# Not too bad, lil' pup



## hotel4dogs (Sep 29, 2008)

great job....but I miss the stories about what Flip did that was silly.....


----------



## Loisiana (Jul 29, 2009)

LOL, there was plenty of time for sillies outside the ring (like how he enjoyed getting people's attention by flopping on his back and kicking his legs in the air like a big doofus.) And I'm sure there will be plenty of sillies still in his future


----------



## fuzzbuzz (Aug 3, 2008)

Congratulations!! A 200 is a 200! Way to go Flip and Jodie!


----------



## LibertyME (Jan 6, 2007)

EXACTLY!!! Congratulations!!!!!



fuzzbuzz said:


> Congratulations!! A 200 is a 200! Way to go Flip and Jodie!


----------



## AmberSunrise (Apr 1, 2009)

Whoohooo  That is impressive, for sure!
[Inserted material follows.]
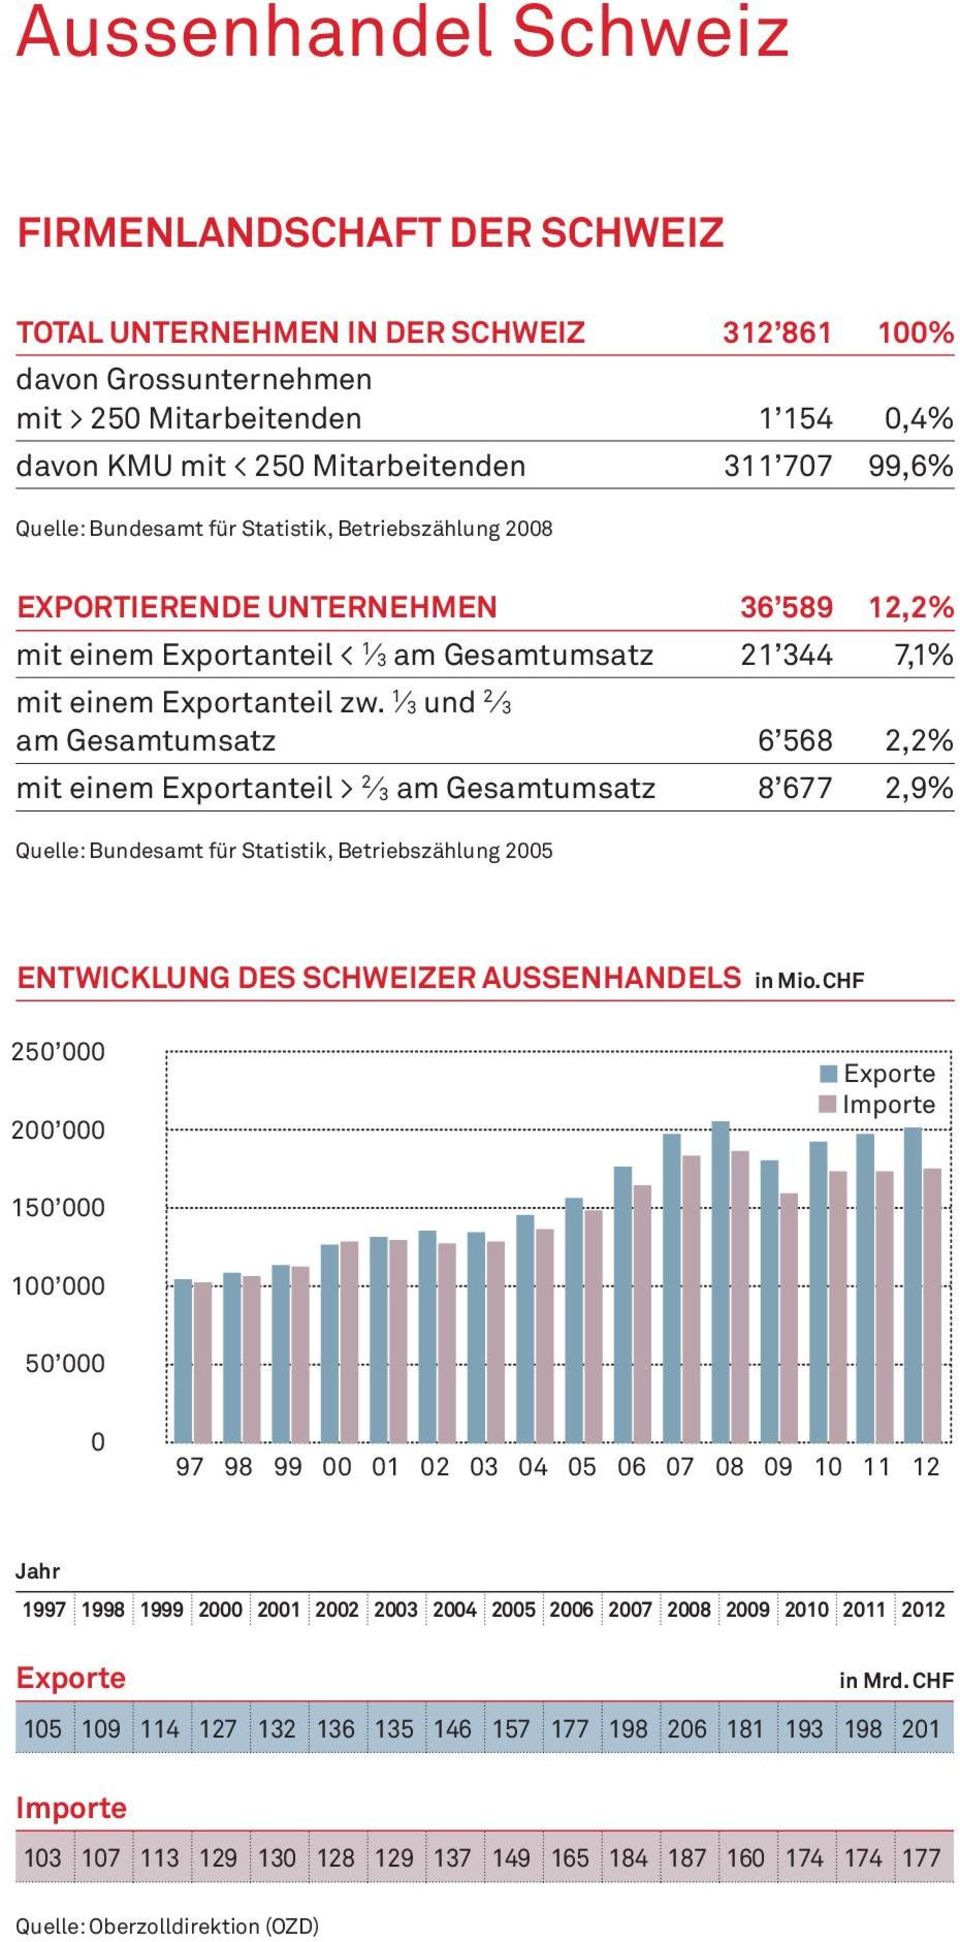 1 3 und 2 3 am Gesamtumsatz 6 568 2,2% mit einem Exportanteil > 2 3 am Gesamtumsatz 8 677 2,9% Quelle: Bundesamt für Statistik, Betriebszählung 2005 Entwicklung des schweizer aussenhandels in Mio.

Good luck with your decisions.


----------



## Loisiana (Jul 29, 2009)

Sunrise said:


> Good luck with your decisions.


well some have already told me their opinion on what decision I should make  But I also have an email in to someone who knows him and I am waiting for a response from her on her opinion. I guess I could ask myself "what's the worst that can happen?" But when it comes to Flip if I think about that question too hard I might never put him in Novice! ROFL


----------



## AmberSunrise (Apr 1, 2009)

I guess in my mind I would probably need to decide on scores and Q rate; many people I know put the score above the Q, as in a major mistake made and they start training in the ring so their dog NQ's and the score doesn't go into their average, others want the title and will accept lower scores especially if they are looking for ring exposure and still others want titles with a 3 for 3 Q rate on each title with a high score average - as you said, decisions


----------



## Loisiana (Jul 29, 2009)

I put the long term before the short term. I don't care about an average but I will correct a dog (not physically of course) and take an NQ if I think it will help future ring time. I'd like high scores but more important to me for novice is his state of mind...is he going to be happy, focused, and giving me his best effort? Two weeks ago he was not there, yesterday he was. hmmmm....it's summer, I don't want to have to think! LOL


----------



## Loisiana (Jul 29, 2009)

You know what part makes me more nervous than any other part? The awards part. All those dogs together in the ring in an informal manner. People clapping. People trying to hug you if you do well. Accepting ribbons. We've worked so much on self control, especially around other dogs, but I do not fully trust him not to try to get at another dog to play with him. Yesterday I put him back in the crate for the wild card class and went in by myself. For prenovice he didn't even have us leave the ring after stays so I put him between my legs, left some space between us and the other dogs, and held the leash down by his collar when getting his ribbon. I certainly don't want to bring an annoying dog in that could possibly cause problems with non dog-friendly dogs. I also don't want to give the impression to outsiders that I'm doing that because he's aggressive either.


----------



## Titan1 (Jan 19, 2010)

I am sure you will survive the awards portion of it..LOL! Now get your butt out there in Novice!


----------



## Loisiana (Jul 29, 2009)

alrighty, I just got the "official advice" I was waiting on. Looks like we will be starting novice in July. I can't usethe smilies on my kindle so imagine an inserted bug eyed nervous smiley here


----------



## RedDogs (Jan 30, 2010)

Great job!


----------



## GoldenSail (Dec 30, 2008)

Congratulations! Sounds like he did fantastic!


----------



## Titan1 (Jan 19, 2010)

Loisiana said:


> Went in later for prenovice, where he scored a 200!  Of course it's not nearly the same as if it had been a regular class, but it's still a lot of fun to have the judge call out that score. I said I should have taken a picture of my score sheet with all those 0's all the way down because I might never see that again!
> .


 I thought I was the only geeky one.:doh:. look what I took for my scrapbook.


----------



## Loisiana (Jul 29, 2009)

ROFL, now I wish I had taken the picture!


----------



## Maxs Mom (Mar 22, 2008)

Congrats Jodie!!!! I think you over think situations my friend. : You are absolutely right to be happy with a 200 in pre novice. Heck that is a great score REGARDLESS of the division we all have to start somewhere. I think both you and Flip just need to get out there and DO IT!!! I know you can.


----------